We’re not presented with many options when it comes to dealing with these headlines. We’re told to recycle (only to be told that it’s useless because much of that is going to landfill, anyway), vote when the time comes, use public transport when we can, and shop “sustainably”.

But when it comes to fashion sustainability, we are sent massively mixed signals. Does it mean local production, emerging designers, rented clothes, organic cotton, or clothing made from recycled bottles? It all seems overwhelming, and besides, what impact can we really have as just one person?

It is from this frustration and wanting to turn fear into action that colleagues and I came together to create the New Standard Institute, bringing leading scientists together to cut through the marketing noise to develop a meaningful, data-lead roadmap on turning an industry we love—fashion—into one that is in line with the environmental and social limits of our planet. Using this one central, culture defining, consumer-facing industry, we hope to set the tone for fashion and other industries on a path forward.

In the past year, in addition to pouring over all of the available research, I have followed the life of our clothes, from the cotton fields of Texas, to the yarn and fabric mills of China, to the cut and sew factories of Bangladesh and Sri Lanka, all the way to the second hand markets (and landfills) in Ghana, where much of our clothing ends up when we donate it.

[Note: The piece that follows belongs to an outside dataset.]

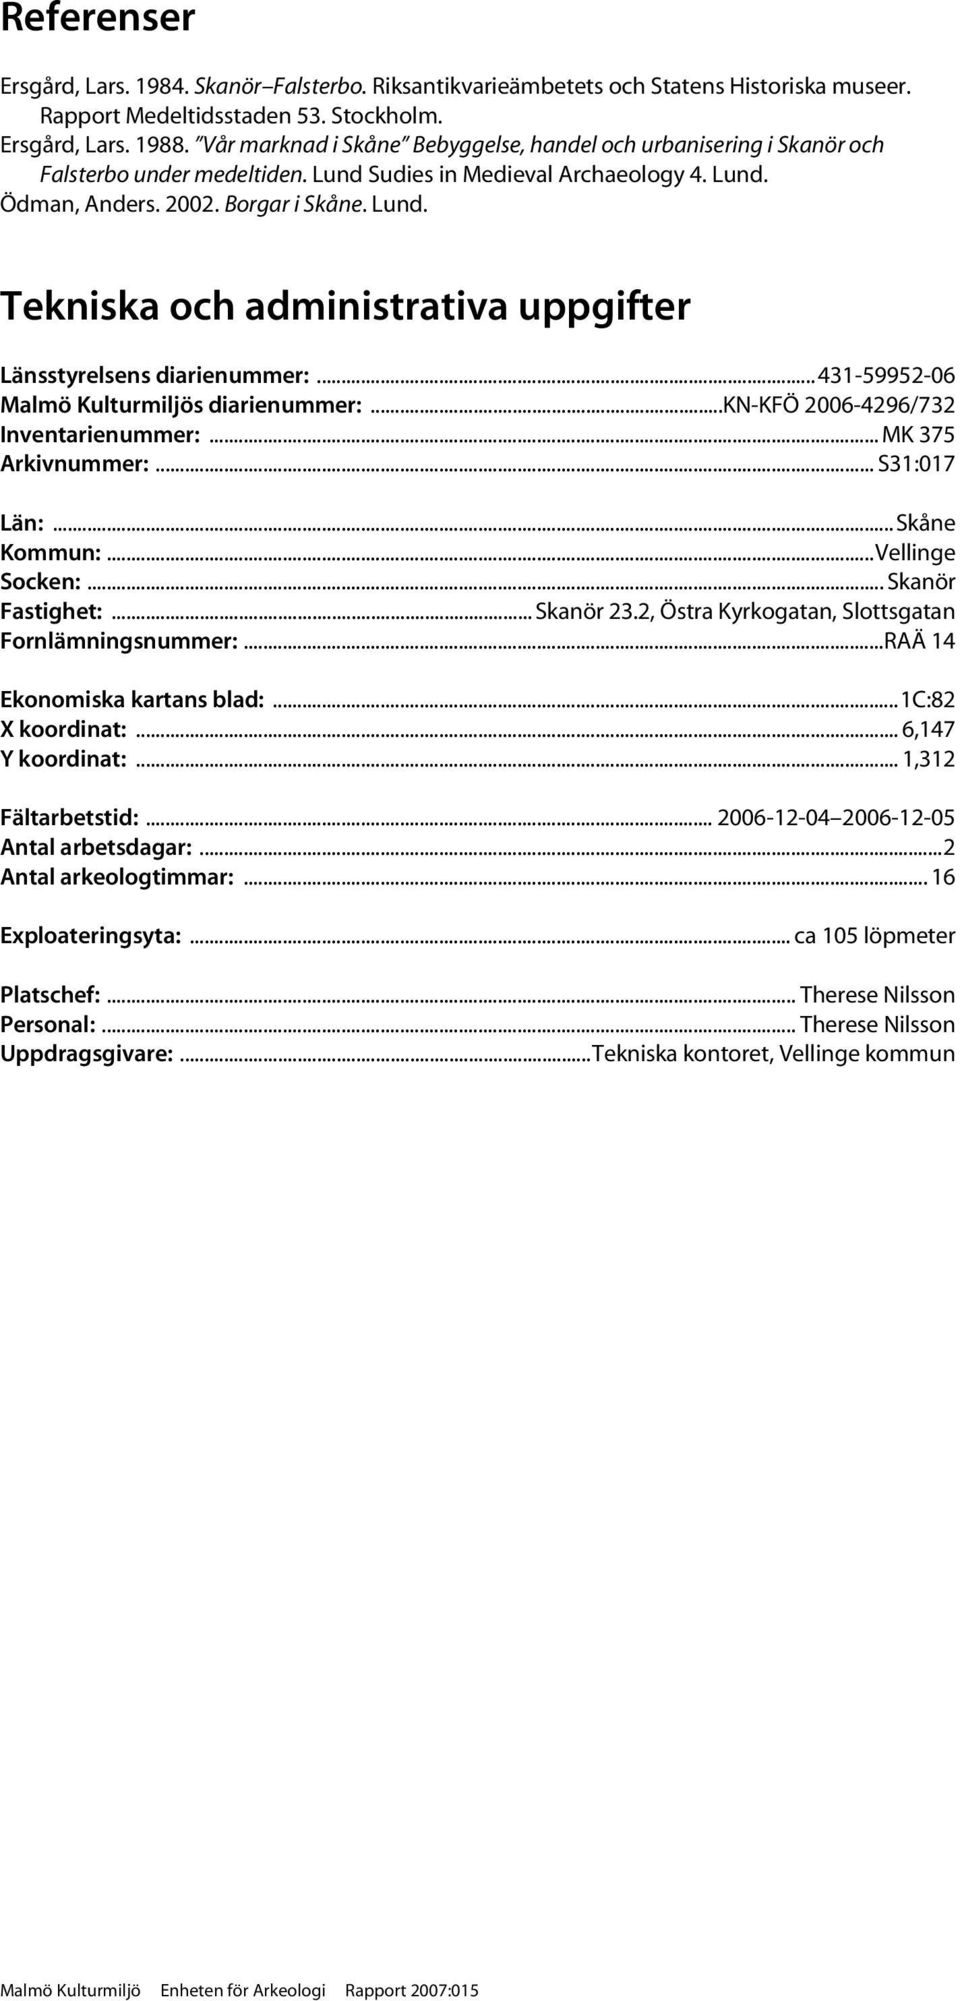 .. 431-59952-06 Malmö Kulturmiljös diarienummer:...kn-kfö 2006-4296/732 Inventarienummer:... MK 375 Arkivnummer:... S31:017 Län:...Skåne Kommun:...Vellinge Socken:... Skanör Fastighet:... Skanör 23.
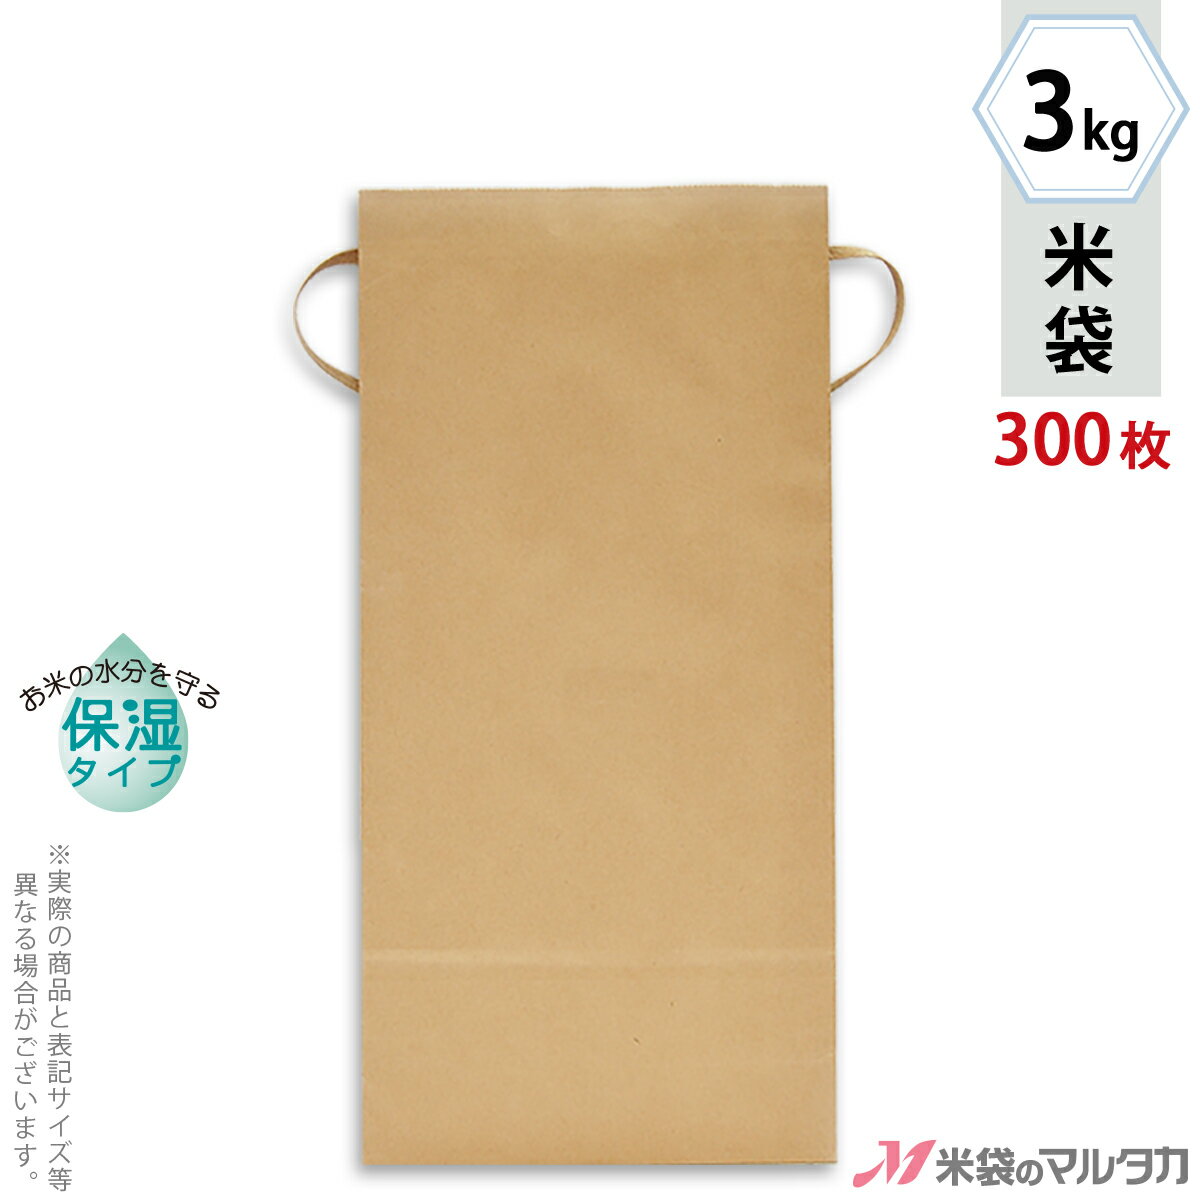 【寿】 米袋 5kg用 5枚セット H470W190D90（mm）

We will be sharing more about this exploration and available research in the year to come, but we wanted to share with you the most critical insights and the resoundingly good news. (And my goodness, do we need good news). Below are the key takeaways.

1) Climate Change

Fashion contributes over 8 percent of all greenhouse gases and, if things continue as is, by 2050 more than 25 percent of the entire global carbon budget will go to this one industry.

The carbon hotspot is at the mills (the places that spin the fiber into yarn and weave that yarn into fabric). More than 75 percent of the carbon footprint in the entire lifecycle of our clothing takes place there. To make things super clear, a company is only doing “sustainability” if they are lowering the carbon footprint of their mills. Doing this isn’t rocket science; it’s a matter of bringing in consultants to make the mills more energy efficient and changing the energy supply to renewables (and away from sources like coal). Levi's is one of the very few companies making a serious commitment to do this type of work.

Read the full article on the Harper's Bazaar

2020年如何解读“可持续时尚”(Harper's Bazaar)












正是由于这种沮丧和希望将恐惧变成行动,我和我的同事们共同创建了 New Standard Institute,将领先








消息。 (天哪,我们需要好消息)。以下是关键要点。


时尚占所有温室气体的 8%以上,如果这种情况继续下去,到 2050 年,整个全球碳预算的 25%以上将用


碳热点在工厂(将纤维纺成纱线并将纱线织成织物的地方)。 在我们的服装整个生命周期中,超过 75%


持续性”工作。 这样做不是火箭科学; 这是要引进顾问以提高工厂的能源效率,并改变向可再生能源(以

及远离煤炭等能源)的能源供应的问题。 Levi's 是极少数认真从事此类工作的公司之一。